Tammy and Jim both have extra-marital affairs:  he with at least one woman and a sinister-from-the-word-go male colleague (Louis Cancelmi); she with Nashville record producer, Gary S Paxton (Mark Wystrach), who’s engaged to further her career as a recording artist.  There’s a clear spark, too, between Tammy and Roe Messner (Sam Jaeger), a building contractor brought in to develop Jim and Falwell’s plans for a Christian theme park, and whom Tammy married in 1993, after divorcing her husband while he was in prison.  While the actors playing Paxton and Messner are convincing and Vincent D’Onofrio is a persuasive, louring Jerry Falwell, the casting of key larger roles doesn’t quite satisfy.

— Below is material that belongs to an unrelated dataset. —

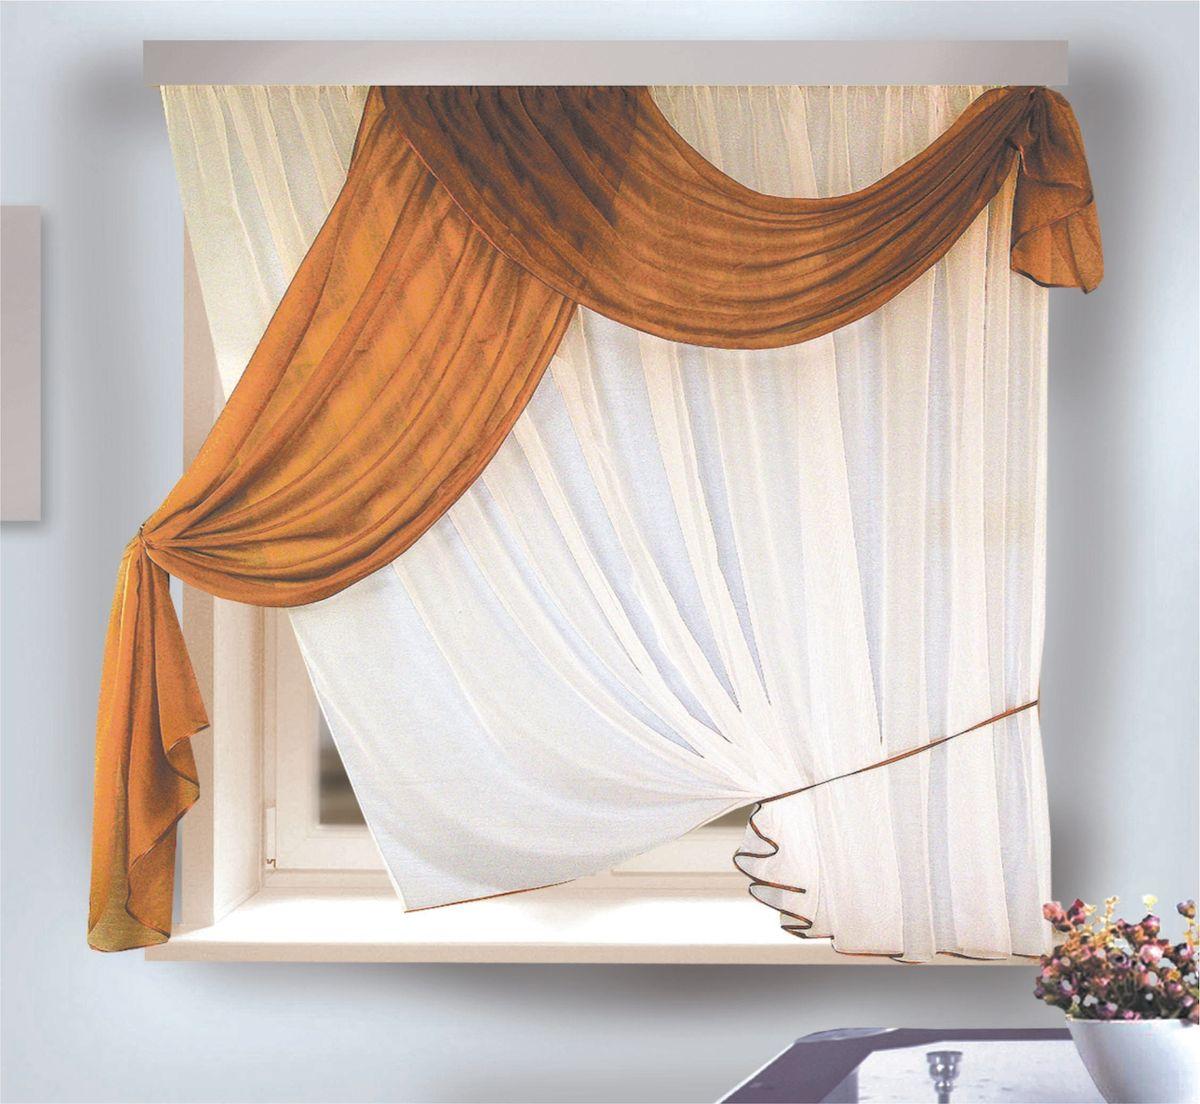 Комплект штор для кухни Zlata Korunka, на ленте, цвет: белый, коричневый, высота 170 см. 33331180038Комплект штор для кухни Zlata Korunka, выполненный из полиэстера, великолепно украсит любое окно. Комплект состоит из тюля, ламбрекена и трех подхватов (2 из них пришиты к тюлю). Оригинальный дизайн и приятная цветовая гамма привлекут к себе внимание и органично впишутся в интерьер помещения. Этот комплект будет долгое время радовать вас и вашу семью!Комплект крепится на карниз при помощи ленты, которая поможет красиво и равномерно задрапировать верх.В комплект входит: Ламбрекен: 1 шт. Размер (Ш х В): 90 х 170 см. Тюль: 1 шт. Размер (Ш х В): 280 х 170 см.Подхват: 3 шт.

The hair and make-up team (Linda Dowds, Stephanie Ingram and Justin Raleigh) that has done such remarkable work on Jessica Chastain has also, judging from online images of the younger Jim Bakker, expertly replicated his hairstyle and flesh tone but Andrew Garfield still doesn’t seem right.  He’s fine in the early scenes:  properly impassioned in the pulpit at the bible college, appealing in his whirlwind courtship of Tammy.  After that, the performance goes wrong.  In a home-truths showdown (in which Jim brands his wife ‘a bottomless pit – and you keep asking for more, with what whining, grating Betty Boop voice’), Tammy tells her husband that ‘a woman needs a man’.  ‘I am a man!’ he insists, ‘No, you’re a boy,’ she retorts, and you see what she means.  Although Garfield’s now in his late thirties, his looks remain unarguably boyish.  He’s also much more handsome than the original.  Perhaps to compensate for that, he overplays Jim’s lily-livered nastiness, turning him into a creep who’s not even a very plausible TV performer.  As Rachel Grover, Cherry Jones is an impressively implacable presence, all the more powerful for being emotionally undemonstrative.  For most of the film, though, she’s too old for her part.

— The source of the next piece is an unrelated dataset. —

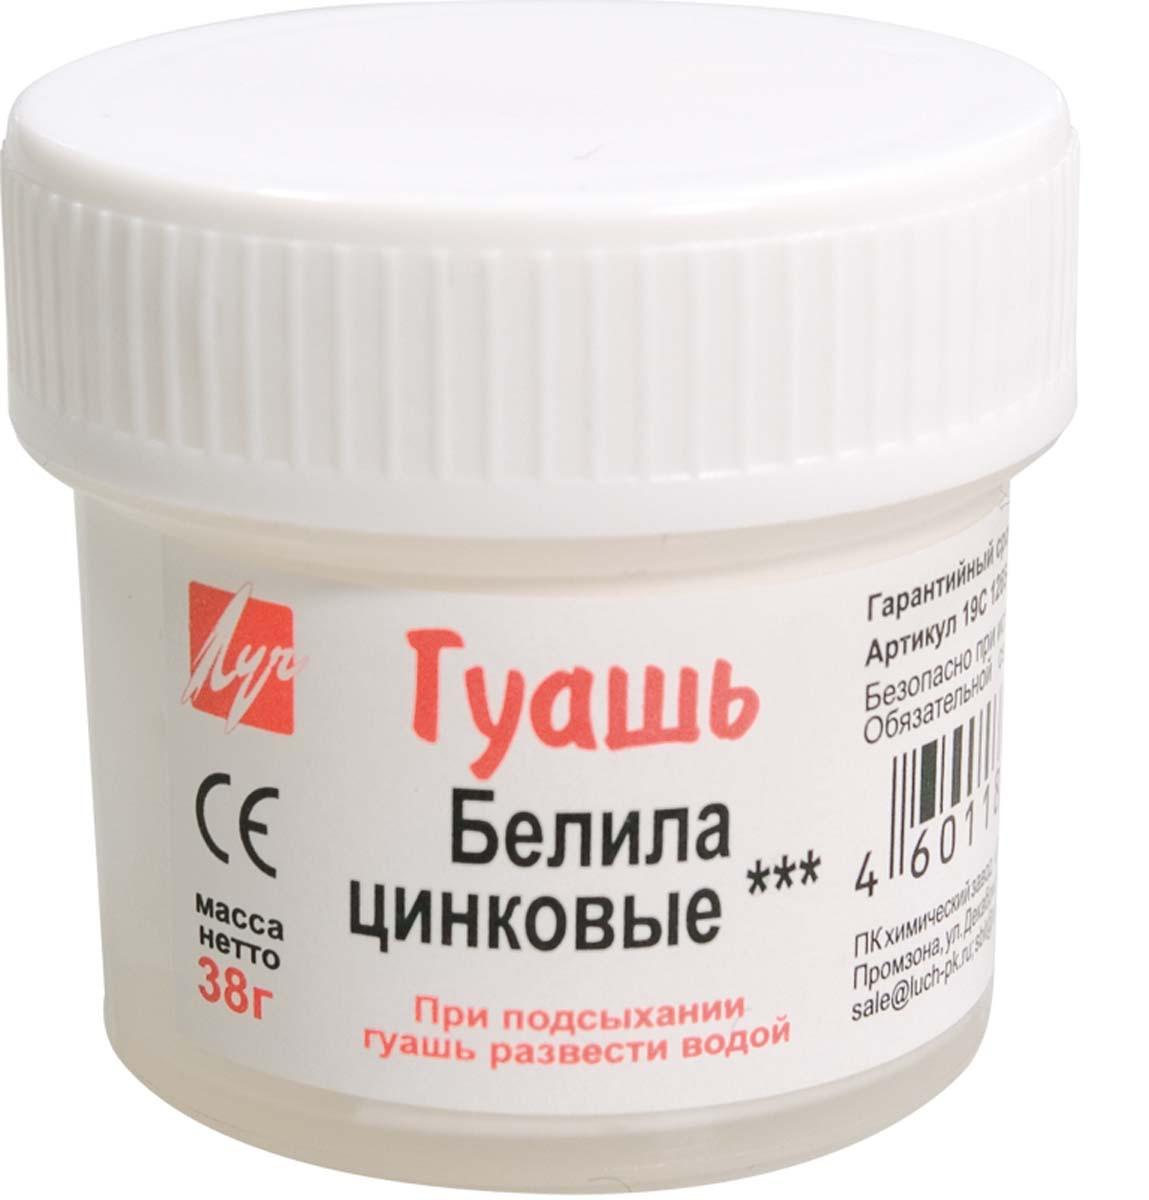 Гуашь белила цинковые 20 мл, 0,038 кг 19С1265-08

The film ends in 1994[1] when, Tammy, after struggling to revive her television career, receives an out-of-the-blue phone call inviting her to perform at a Christian concert at Oral Roberts University in Tulsa, Oklahoma:  the woman on the other end of the line explains that, as a child, she was involved in one of the Bakkers’ shows, and has always remembered Tammy’s kindness.  After some hesitation, Tammy agrees to appear.  On the night, she delivers a tentative homily from the stage before launching into ‘The Battle Hymn of the Republic’.  It’s presumably her fantasy that, as the number builds, she sees a gospel choir performing with her, and the concert audience, hitherto unresponsive and looking almost embarrassed by her presence, transported by the song’s power and taking up the chorus.  Jessica Chastain, whenever she sings, is splendid but it’s even more unlikely that much of the film’s presumed audience will join in the rousing finale:  Michael Showalter is surely preaching to the converted in his unflattering depiction of the Christian right in American broadcasting.  Even so, this comeback climax is touching and entirely apt.  It plays out as the triumphant last scene of a musical biopic, where the star, after battling manifold adversity, finally wins through.  The Eyes of Tammy Faye gives the impression that its heroine may have been spiritually sincere as well as a material girl but it leaves you in no doubt that hers was chiefly a show business story.

10 February 2022

[1] According to Wikipedia, this was also the year in which Jim Bakker was released from prison.  He returned to the televangelism circuit in 2003 and seems to be still going strong today, despite hitting the headlines a couple of years ago when he (a) suffered a stroke and (b) tried selling colloidal silver supplements advertised as a surefire Covid remedy.